Sometimes I write a script that I am 99% sure that is correct. Let's say I write a regex that should delete files with a specific pattern. With maybe, I could run it and see the files it /actually/ intend to delete with a dry run.
I might not want to actually delete them without confirming it.
My favourite pattern for this use-case is to write script A that generates script B; instead of A invoking 'rm' directly, it runs 'echo rm', or even 'echo #rm'.
Then I open up script B in an editor and review the planned changes. Once I like what I see (potentially after a few edits) I run 'bash B'.

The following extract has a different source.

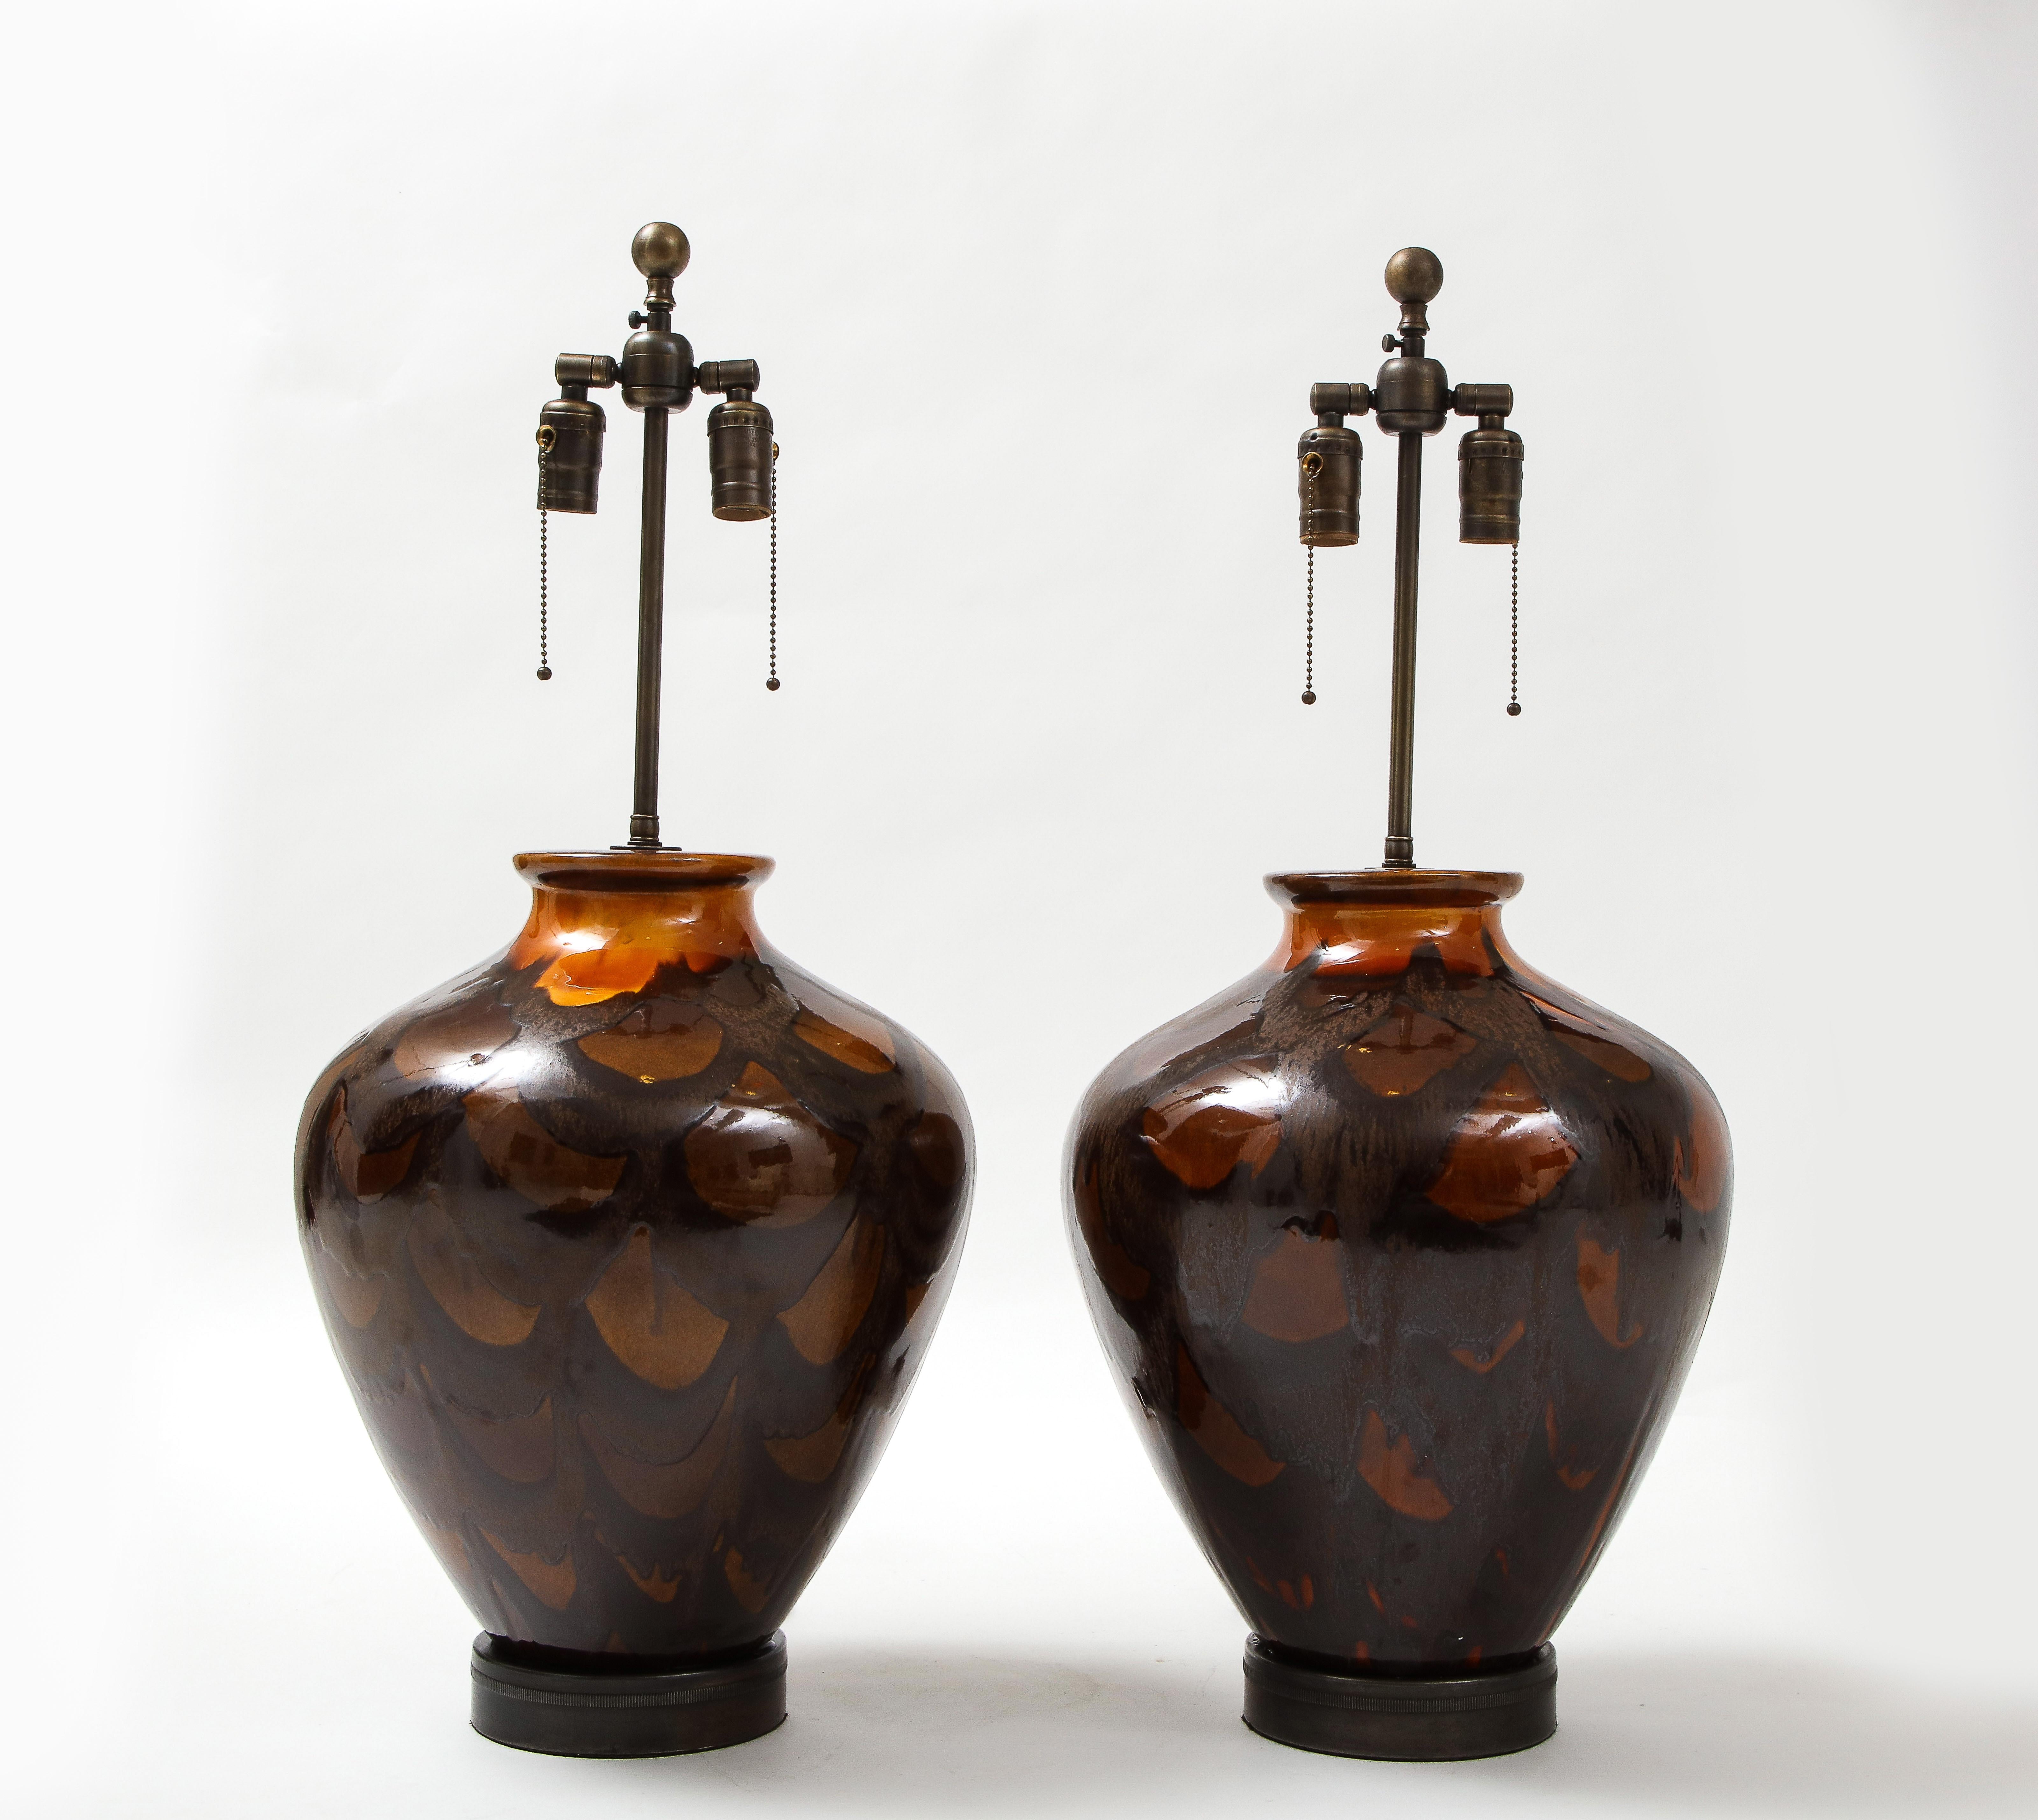 Pair of large scale modernist Italian pottery lamps with a stylized tortoise shell, burnt orange glaze. Lamps sit on aged bronze bases and feature double pull chain sockets. 75W max each socket.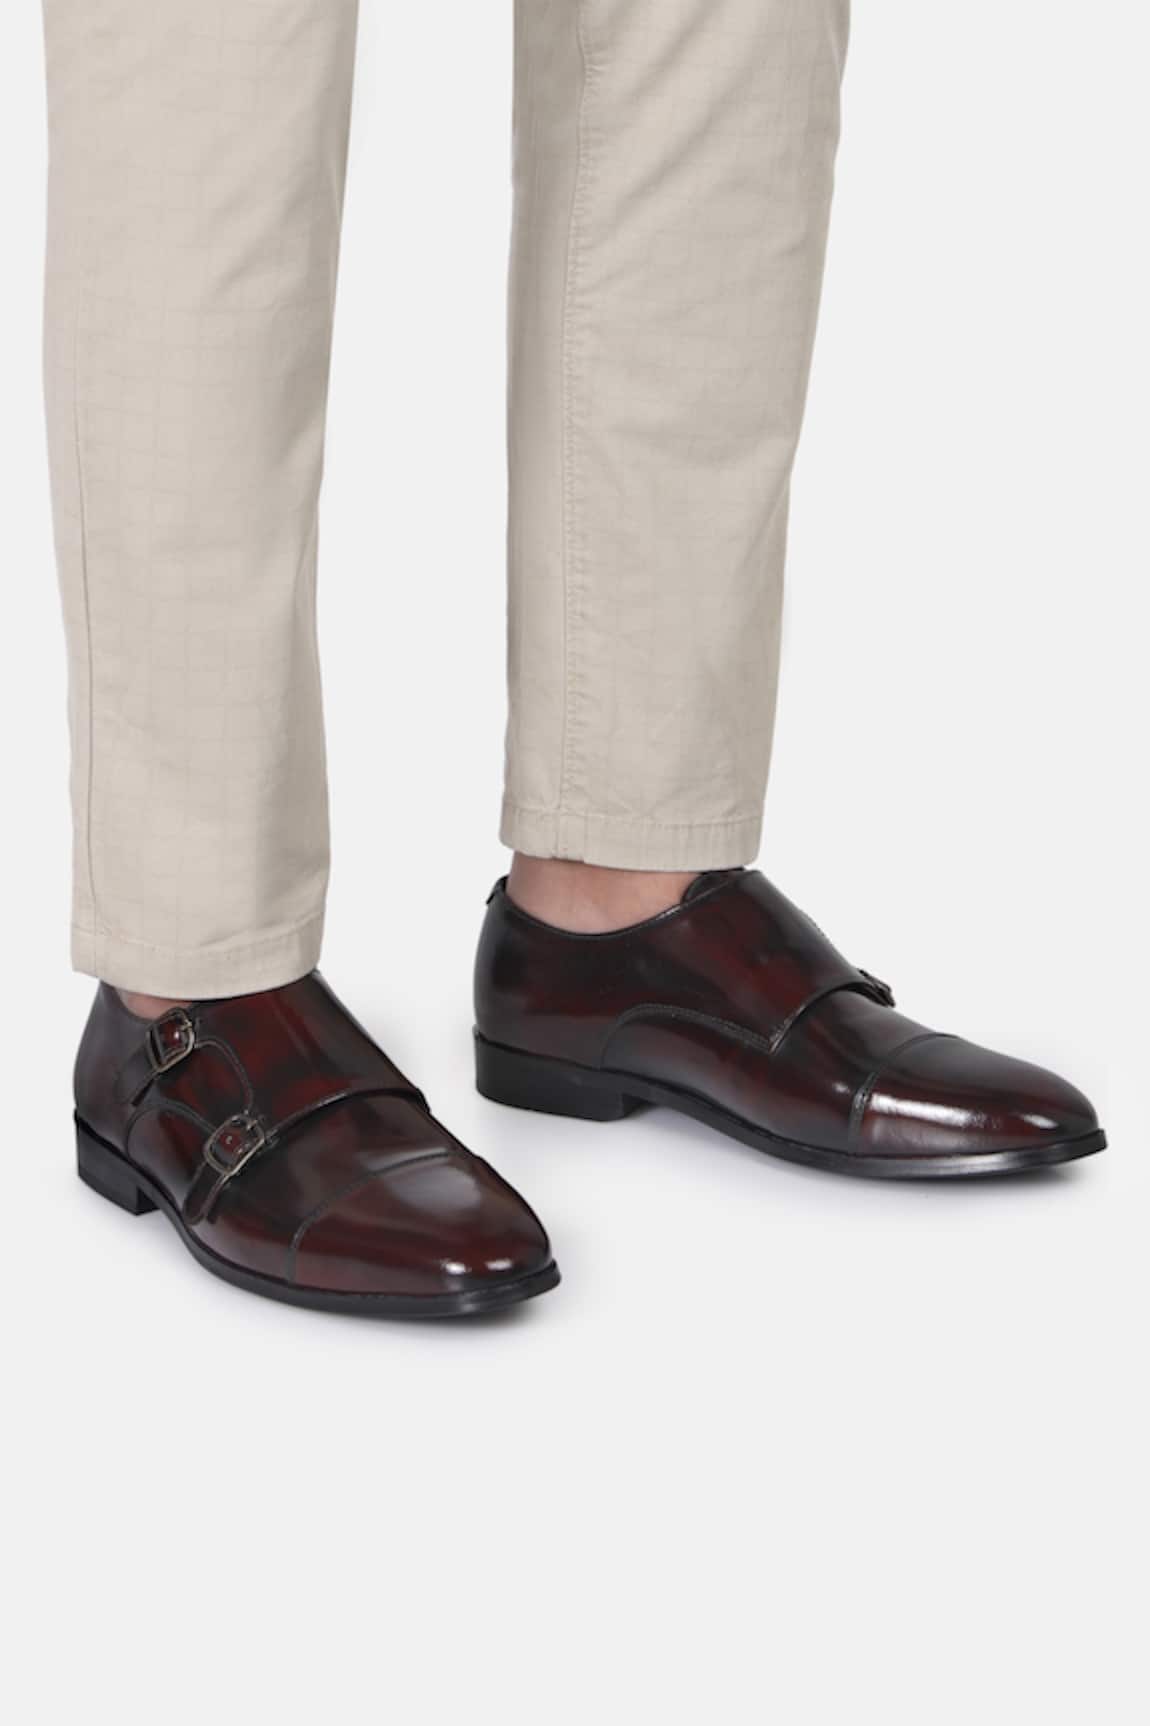 Hats Off Accessories Leather Double Monk Strap Shoes

The tool seems to work by intercepting individual "blacklisted" system calls and then - instead of executing them - returning a nonsense value.
The issue is that this breaks every single POSIX spec and will therefore break any program that does more than a few trivial IO operations and relies on those operations to behave as specified.
So it might work for a simple demo case where a small script only does a single file modification and never checks the results, but for any serious program (think a database, a complex on-disk format or really anything that does network IO) this will lead to corruption and undefined behaviour as system calls will return erroneous success values or invalid file descriptors.
I think to actually make this work one would have to emulate the system calls and make sure everything stays POSIX compliant. Doing this correctly for calls like mmap might get tricky though (and won't be possible from within a python runtime). And even then it isn't obvious how something like network IO would be handled.